Completely incomprehensible to this math problem? I don t know much about this math problem

This question is adapted from the real questions of the college entrance examination. The core is to simplify according to the equation, don't fall into the mistake of combining numbers and shapes, and write it by hand here:

If you still have doubts, ask them.

Point p is the point on the circle with (0,0) as the center and 2 as the radius, so the coordinates of the p point (a,b) satisfy a +b = 4

PA, PB, PC are the ...... of the application of the formula for the distance between two pointsThe formula is obtained: 3a +3b -4b+68, and substituting a +b = 4 to simplify: -4b+80

And because p is a circle, the range of a and b is in the range of -2,2 to get the result 72,88

This is mainly a matter of concept, that is, what can be expressed in terms of the absolute value of pa pb pc. The absolute value of Pa is the distance from point P to point A, and the two lines connected into line segments plus two lines perpendicular to the coordinate axis are a right triangle, and the absolute value of Pa is expressed by the Pythagorean theorem, and the same is true for PB PC.
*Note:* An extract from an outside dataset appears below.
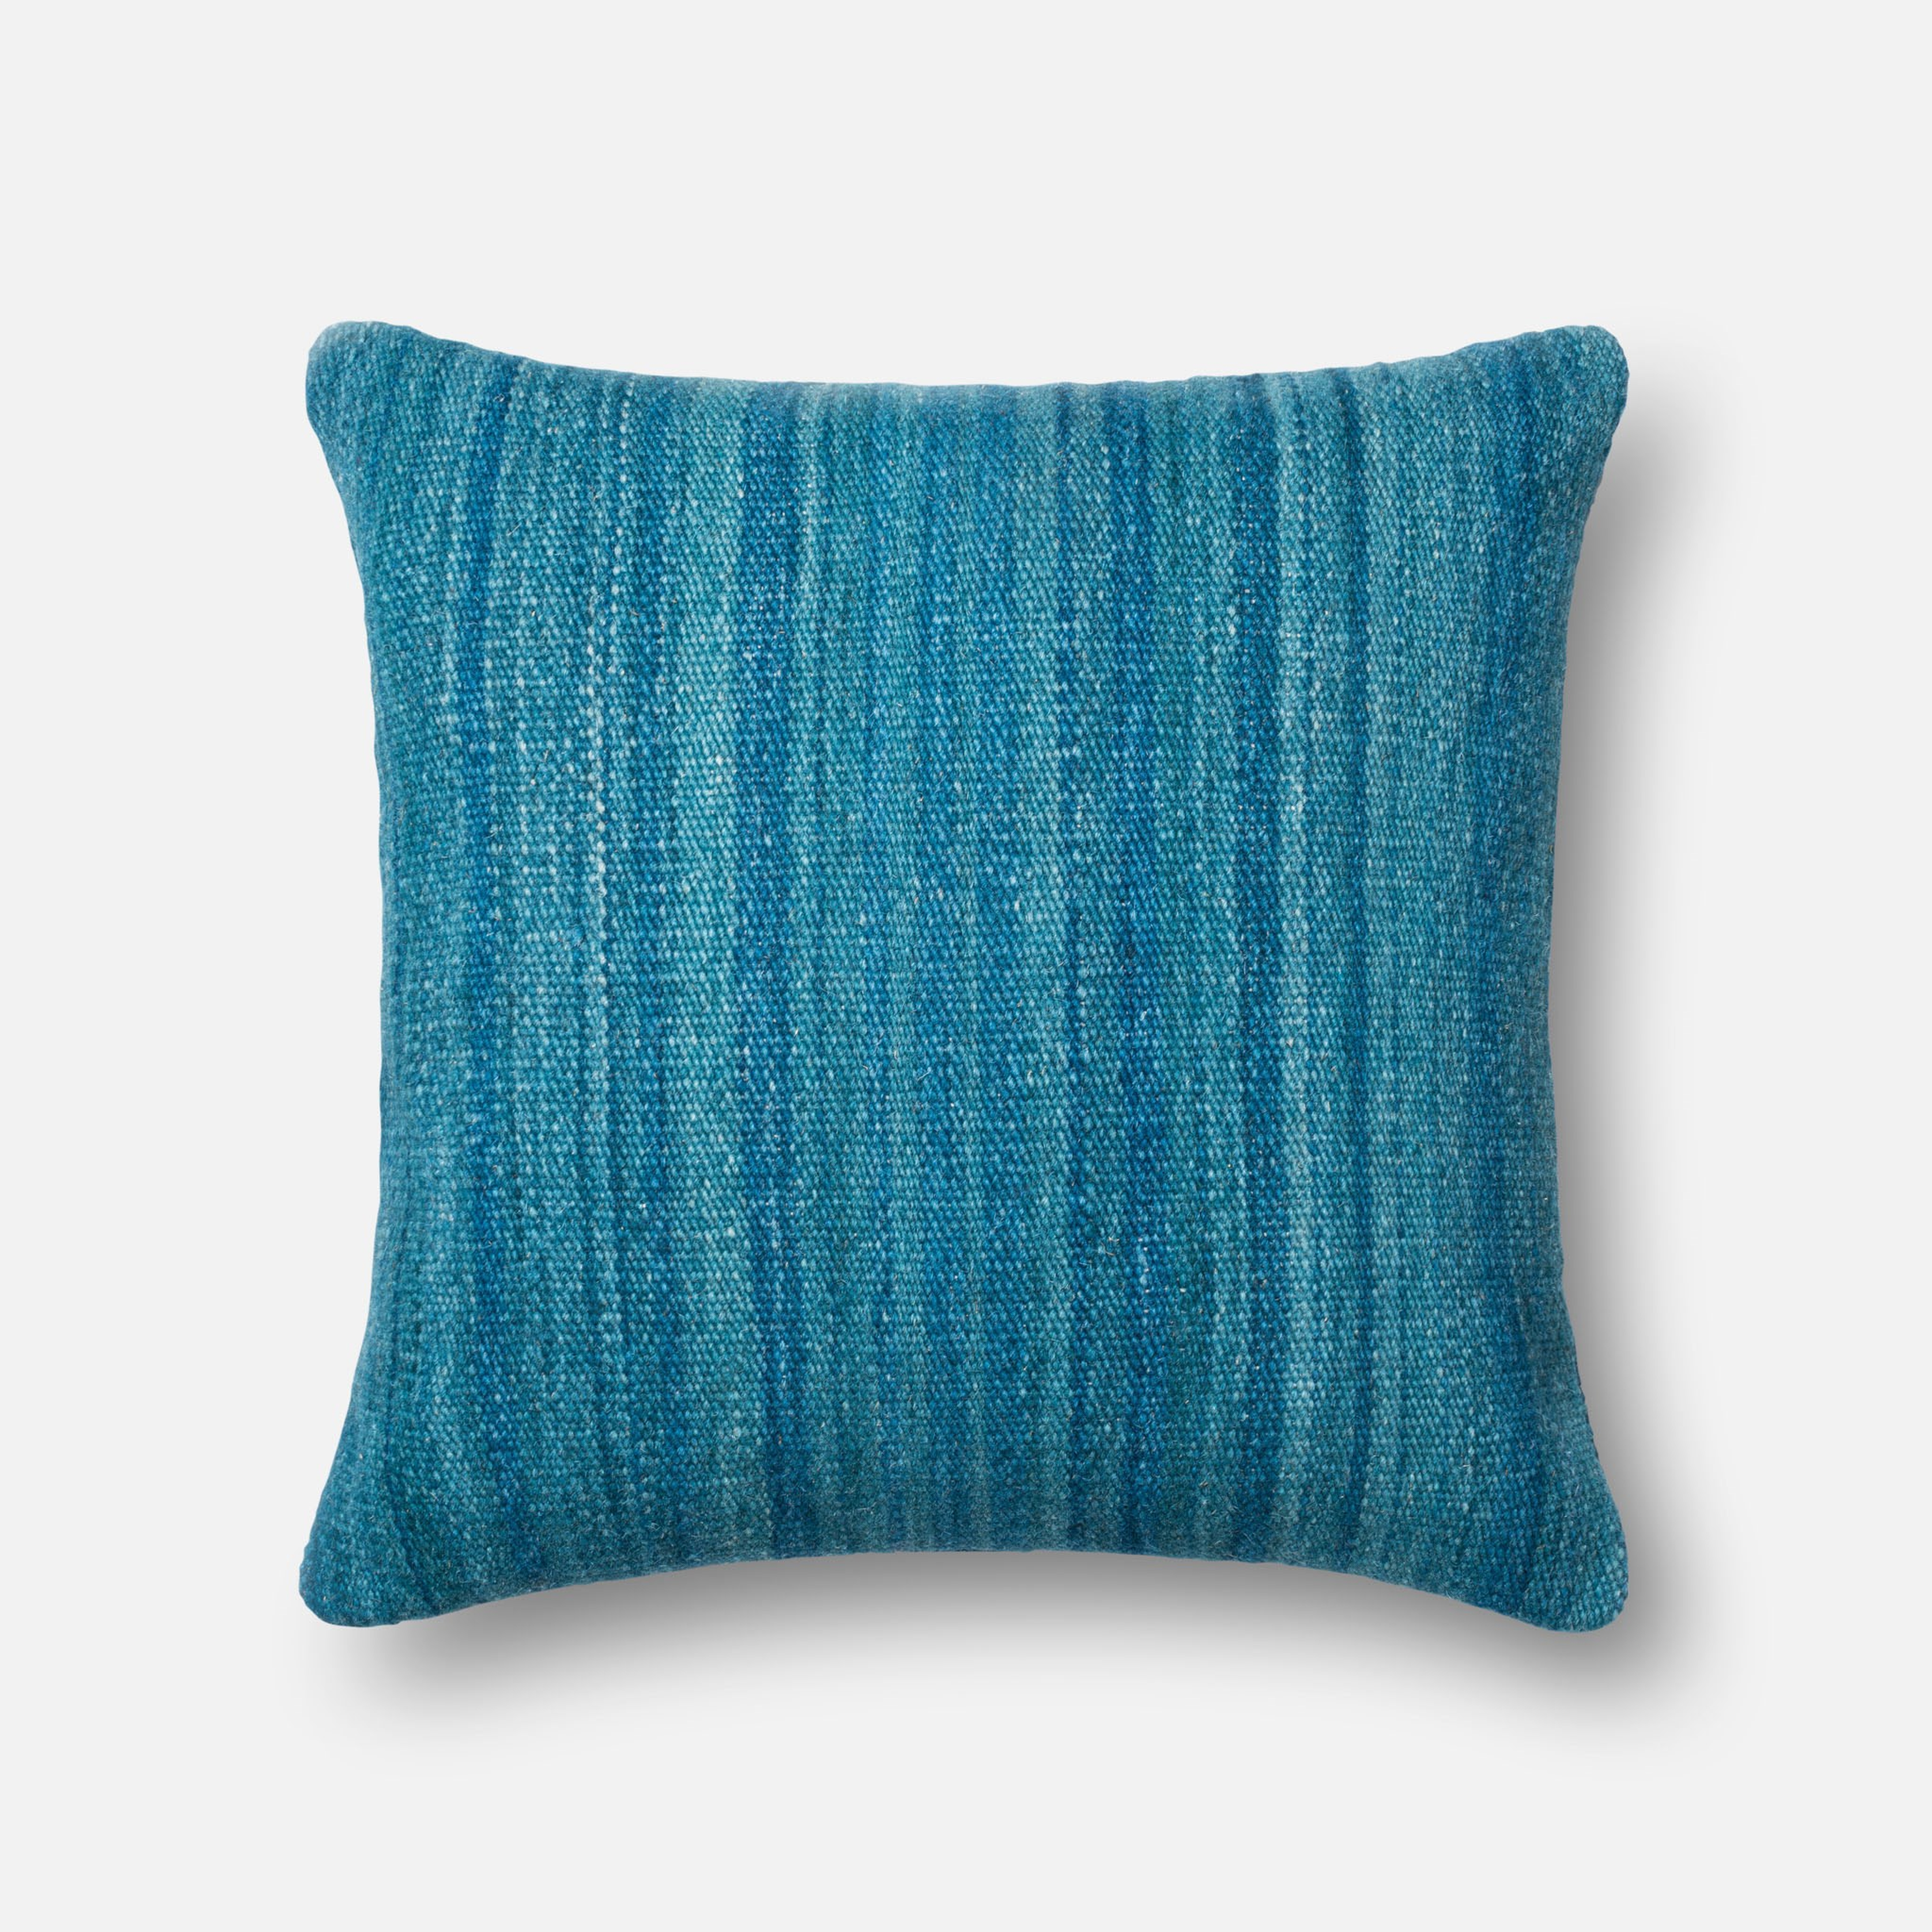 P0167 BLUE 22" x 22" Pillow - With insert - Loloi Rugs
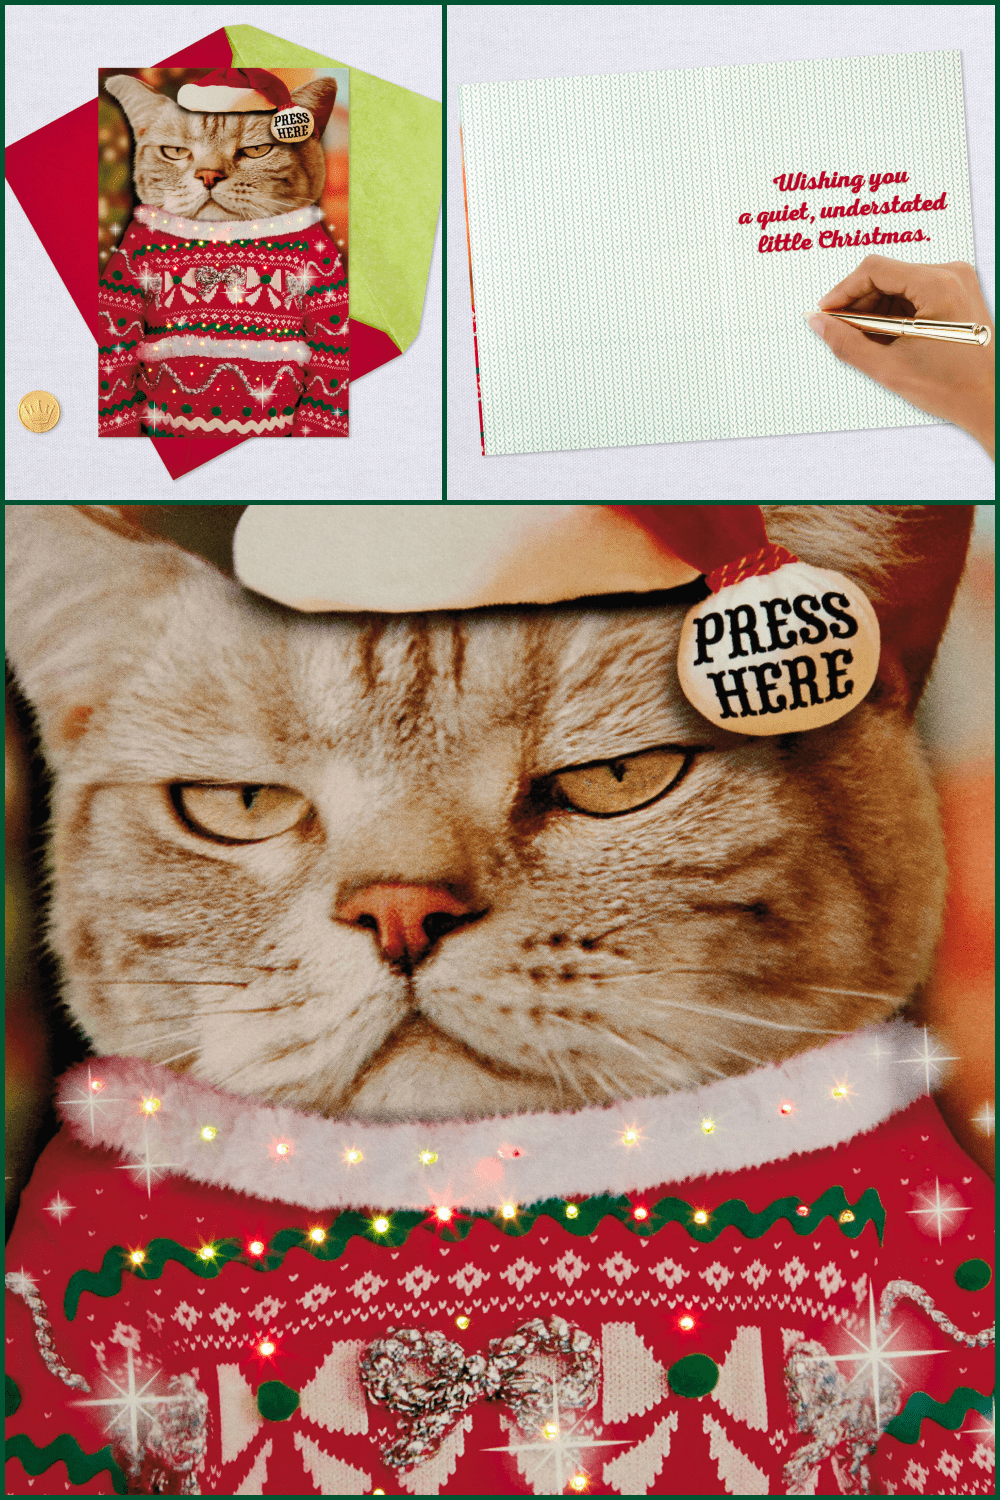 Card with a grumpy cat in a funny Christmas sweater.

Your step is the derivation process, do you see if there is such a relationship in the known? You didn't list the original question, and you asked how this step came about, of course, it was not clear. If you list the original question, there must be known conditions in it that are related to this.

This process is okay, you can draw a picture and see.

Untie; The coordinates of the point p satisfy x y = 4

The point p is in a circle with a radius of 2 with the center of the circle (0,0), and the values of a and b must be greater than or equal to -2 and less than or equal to 2

Establish; The coordinates of the point p are (a, b).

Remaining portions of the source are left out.